The Davos elite worry about inequality - but don't expect them to act

Turkeys won't vote for Christmas and Google won’t vote to pay its taxes either.

This week saw energy giant SSE announce a 8.8 per cent hike in profits, to £1.5bn. For its millions of customers who faced a price increase of 8.2 per cent just two months ago, what better demonstration could there be of the broken nature of our energy market? What better example of untrammelled corporate rent-seeking than SSE’s well paid executives and shareholders receiving bumper payouts, while millions of customers struggle to pay bills that only ever go up, not down?

This show of corporate power is currently on display on a bigger scale in Davos, and surely energy customers in Britain won’t fail to spot the irony of the Masters of the Universe, gathered on their Swiss mountaintop, deciding that income inequality is the greatest threat we face today. How apt that these standard bearers for the wealthiest 1 per cent should choose their annual convention for Corporate Boosterism to wake up to the iniquity of our gross, global inequity. And fitting, too, that it should be at Davos, where Thomas Mann imagined the products of an earlier, gilded age of capital and reflected on the sickness of their modernity, and the conflict that hung over it.

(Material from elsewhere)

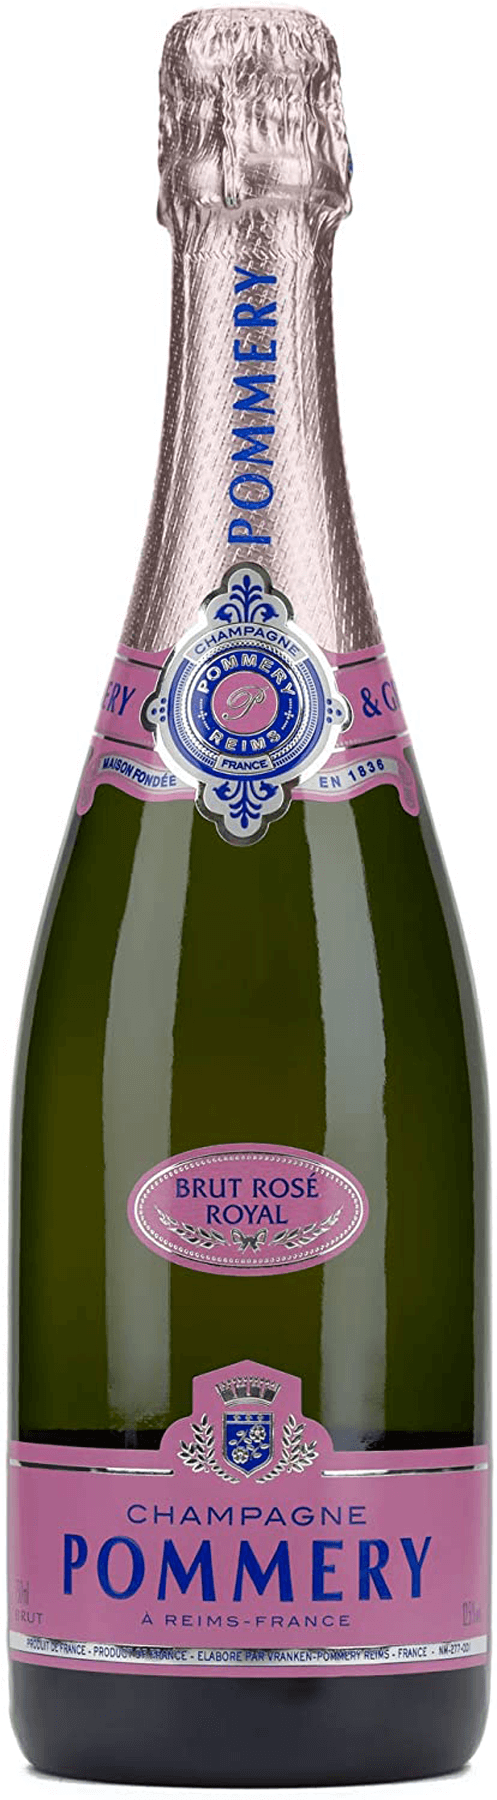 Liter Pommery Champagner Brut Rose Royal 0,75

But hold the hollow laughter for a moment, because the sight of plutocrats wringing their hands ought to be a wake up to politics and the people we represent. They are right to worry that the accelerating accumulation of wealth and power in ever fewer hands is fuelling instability between nations and hardening divisions within them. When those divides can be captured as graphically as Oxfam did this week with the news that the richest 85 people now control more cash and assets than fully half the population of the globe, they are right to be profoundly concerned. A risk index of 85:3.5 billion doesn’t look good on the balance sheet, you see. But the trouble is that the answers to this problem can’t be found on any balance sheet, or with the accountant’s slide-rule. No matter how hard they look, the answer won’t be found by these cosmopolitan capitalists on their magic mountaintop. No, the answer lies with the people looking up from the global valley floor below, and in a politics that speaks for them once more.

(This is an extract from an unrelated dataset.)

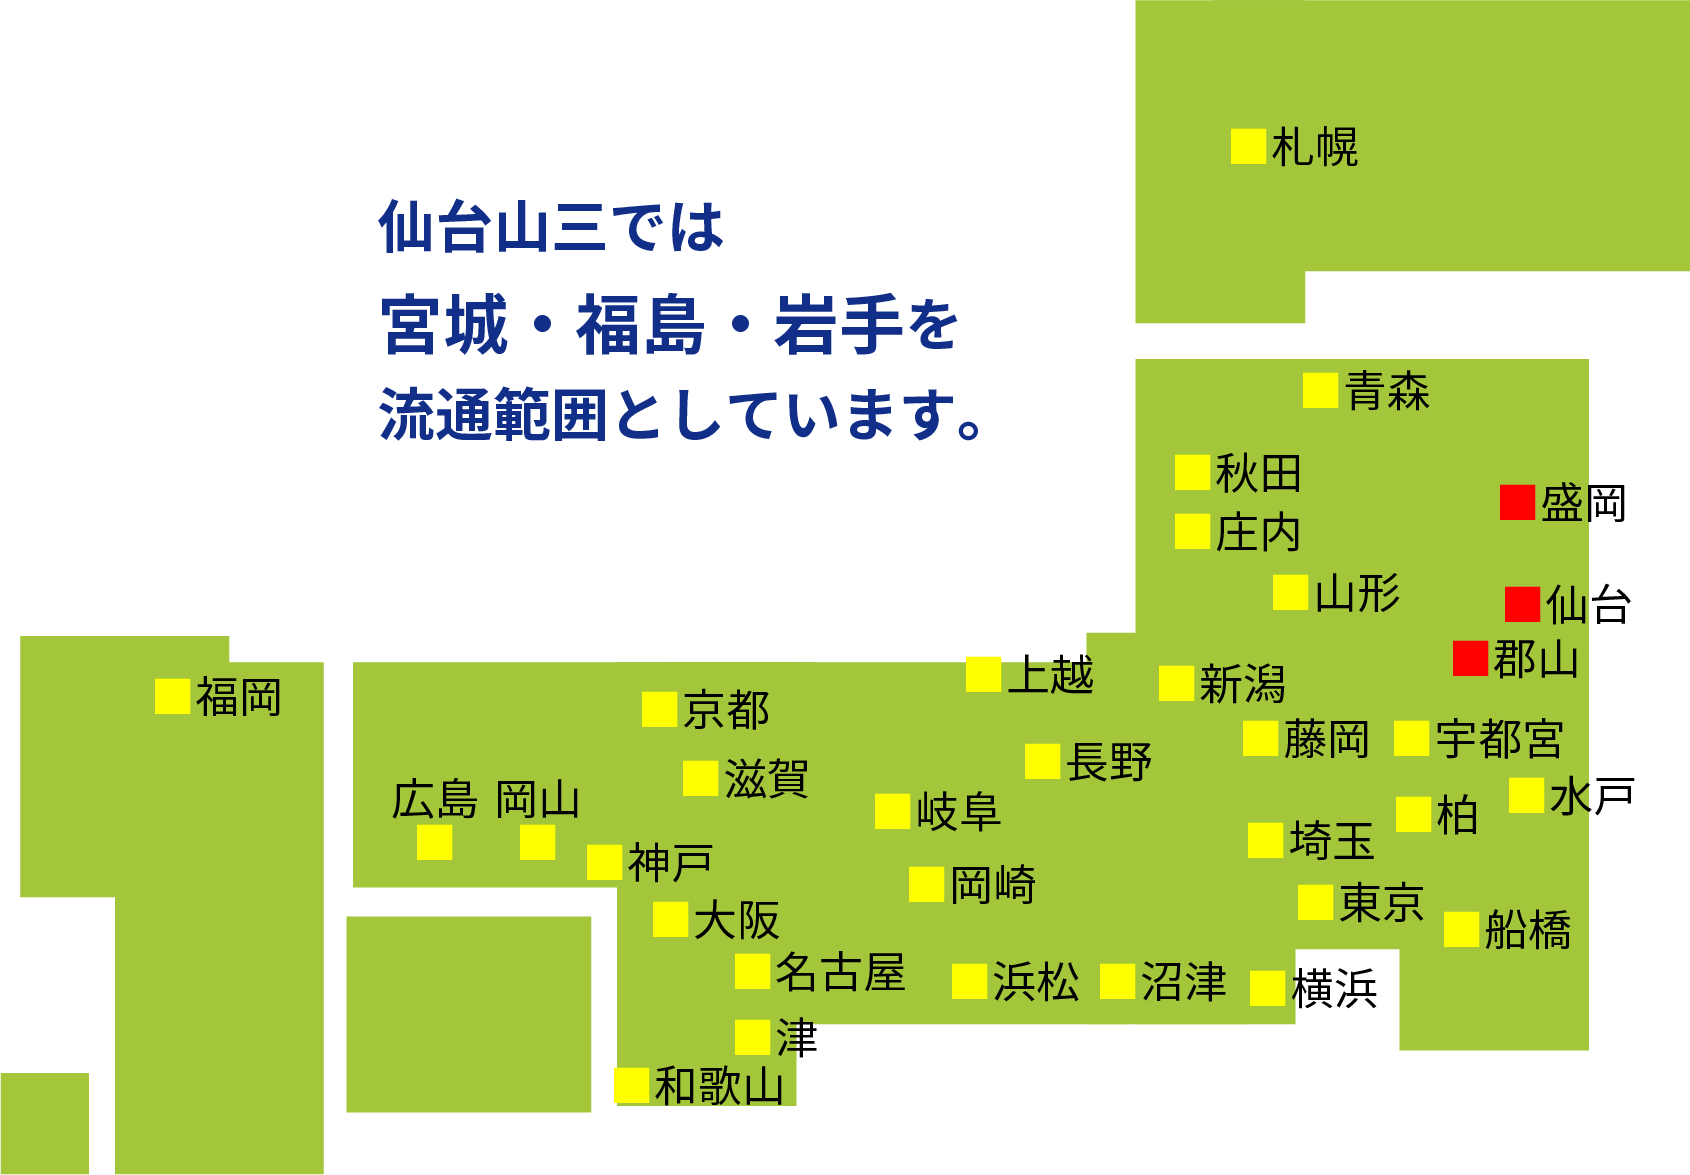 仙台山三では宮城・福島・岩手を流通範囲としています。

Now, perhaps I'm writing them off too soon. Perhaps the modestly-titled World Economic Forum will conclude this weekend with a communique calling for redistribution of wealth from rich to poor? Perhaps they'll propose tax transparency, country by country profit reporting and statutory tax co-ordination between sovereign nation states? Perhaps they'll champion the role of state investment and public research in underpinning private enterprise? Perhaps they'll back a Living Wage, a Tobin tax, trade union membership or call for the return of Glass-Steagall legislation at home and capital controls abroad? Perhaps they'll suggest some means to reverse the relentless acquisition of more by those that have the most? Perhaps. But I doubt it.   

They should, of course, because they are right to be worried that the yawning gulf in wealth and opportunity, across generations, and between class and caste, will jeopardise not just the life chances for billions of our global citizens, but, eventually, their own business model, too. However, they cannot articulate the right prescription because the solutions required are anathema to their merchant code. They limit the flexibility to hire and fire as business needs demand. They constrain the capacity to place shareholder gains and quarterly returns above all else. They raise other values of loyalty and local pride, solidarity and long-term commitment, alongside the purity of the profit-motive, and so dilute its power. They ask rootless and ruthless global markets to accept that there exist social and public goods that should never be commoditised, and local rules that should not be subverted. They ask money to acknowledge that there are spheres of life where it should hold no sway. 

Don't hold your breath. Turkeys won't vote for Christmas and Google won’t vote to pay its taxes either. The only answer is a politics which takes on vested interest and bends it to the people’s will. A politics that takes on the energy companies that are ripping us off, that challenges the banks to serve industry and not themselves, and one that chooses to prioritise the hard-working majority, not protect a privileged minority.

That’s not a politics or a morality that you are likely to find in the rarefied air of Davos's smoke-free seminar rooms or in Tory Party HQ. But it is the politics that we need here in Britain and that we need to project from our small island to the globalised world beyond. It’s a One Nation Labour politics. And Ed Miliband will deliver it when he wins power for the people in 2015.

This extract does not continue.